Using system-level testing as a risk control measure - testing is by most notified bodies no longer accepted as a risk control measure. An RCM should result in a new SW requirement which in turn is verified.

No metrics supporting the process - having no metrics showing how well your software performs, might lead to unconstructive arguments with your auditor about the true level of safety your software retains. It is my advice to define and use performance metrics to support your case of having developed a high-quality software and in particular, make use of the available field data."

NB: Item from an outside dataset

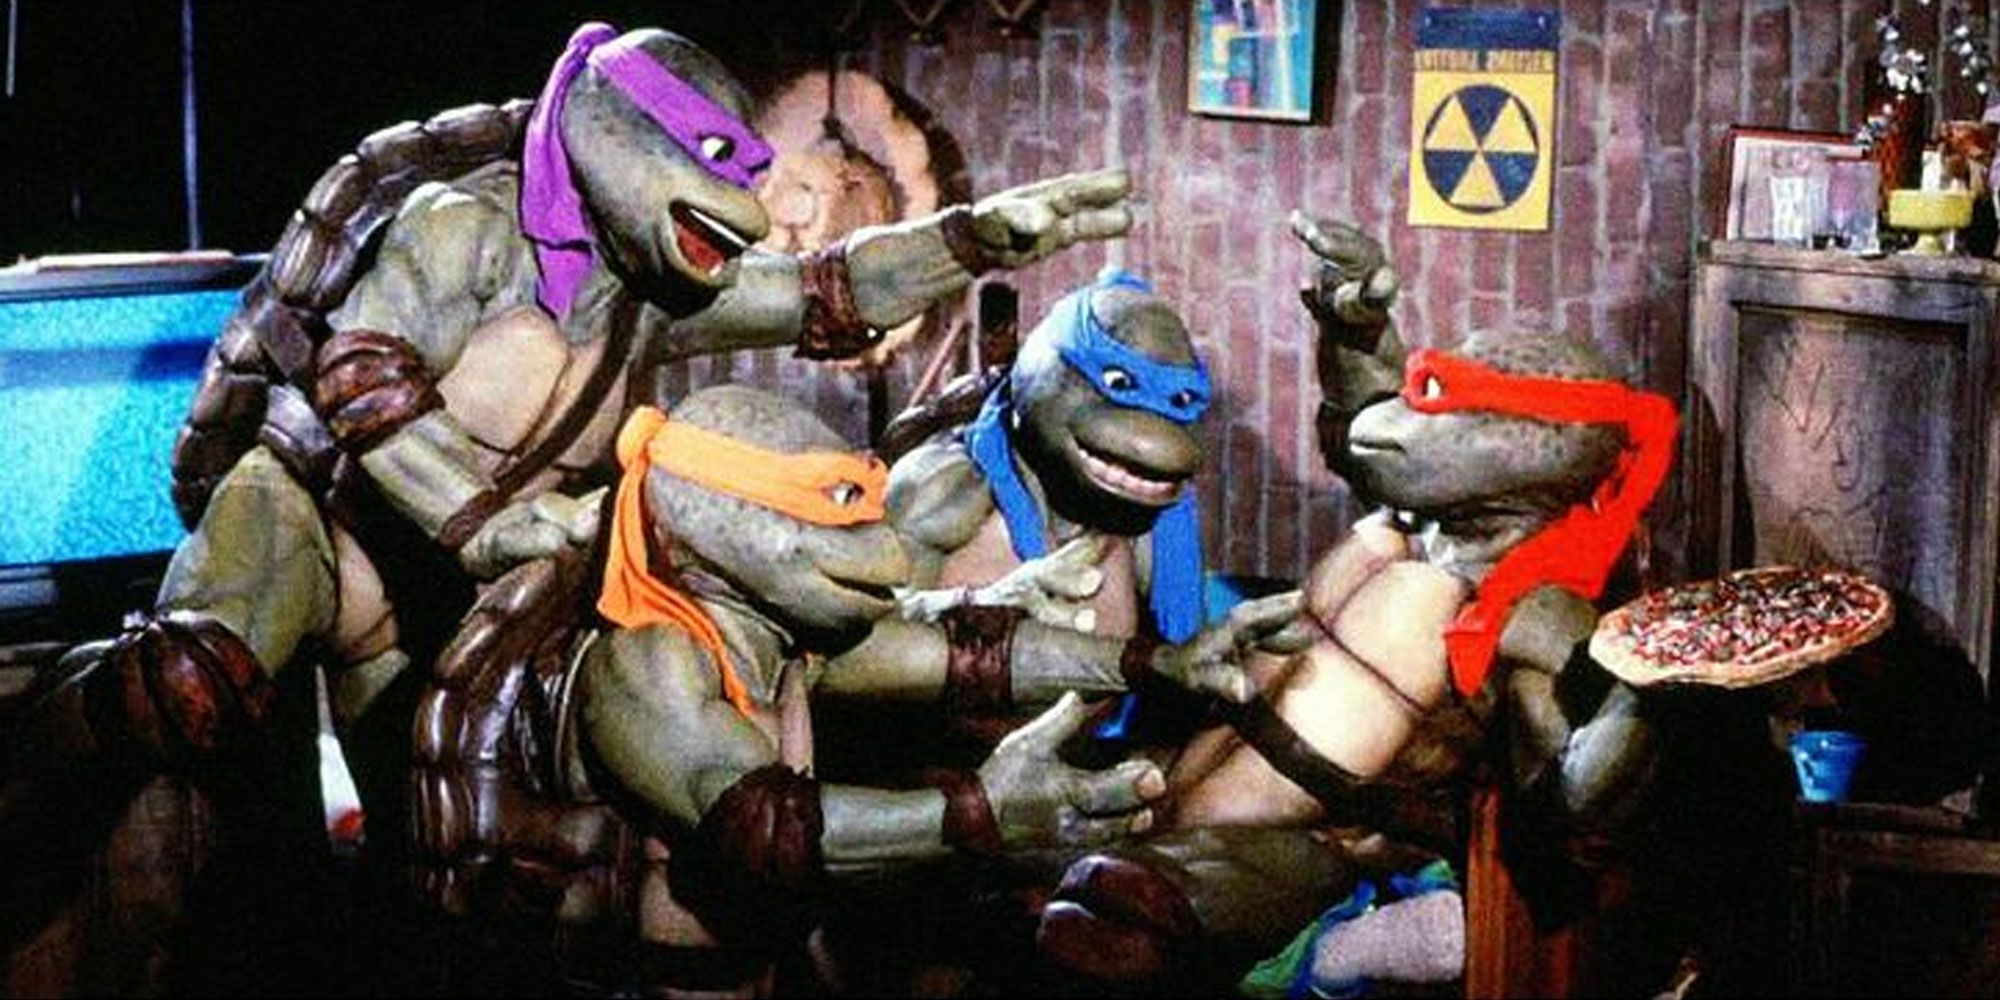 Raphael holds a pizza just out of reach from his brothers in the 90s Teenage Mutant Ninja Tutles live action movie

"This is by no means an exhaustive list but, as I mentioned, I see these issues a lot and I think the effort needed to address them is relatively cost-effective. Should you have any further questions, I'd be happy to address them afterward.", Mr. Ginsberg concludes.

The Aligned team presentation, with a focus on the documentation tasks required by IEC 62304, addressed the issue of conceptually connecting the software architecture and the risk management in the development documentation.

By using a concrete example, Aligned demonstrated how a Preliminary Hazard Analysis as a risk assessment could be used in their medical device ALM software "Aligned Elements" to not only fulfill the traceability requirements of IEC 62304 but also successfully connect the software architecture with existing risk assessments.

The seminar was concluded with a host of interesting and constructive discussions among the participants at the subsequent lunch buffet supplied by Marriott.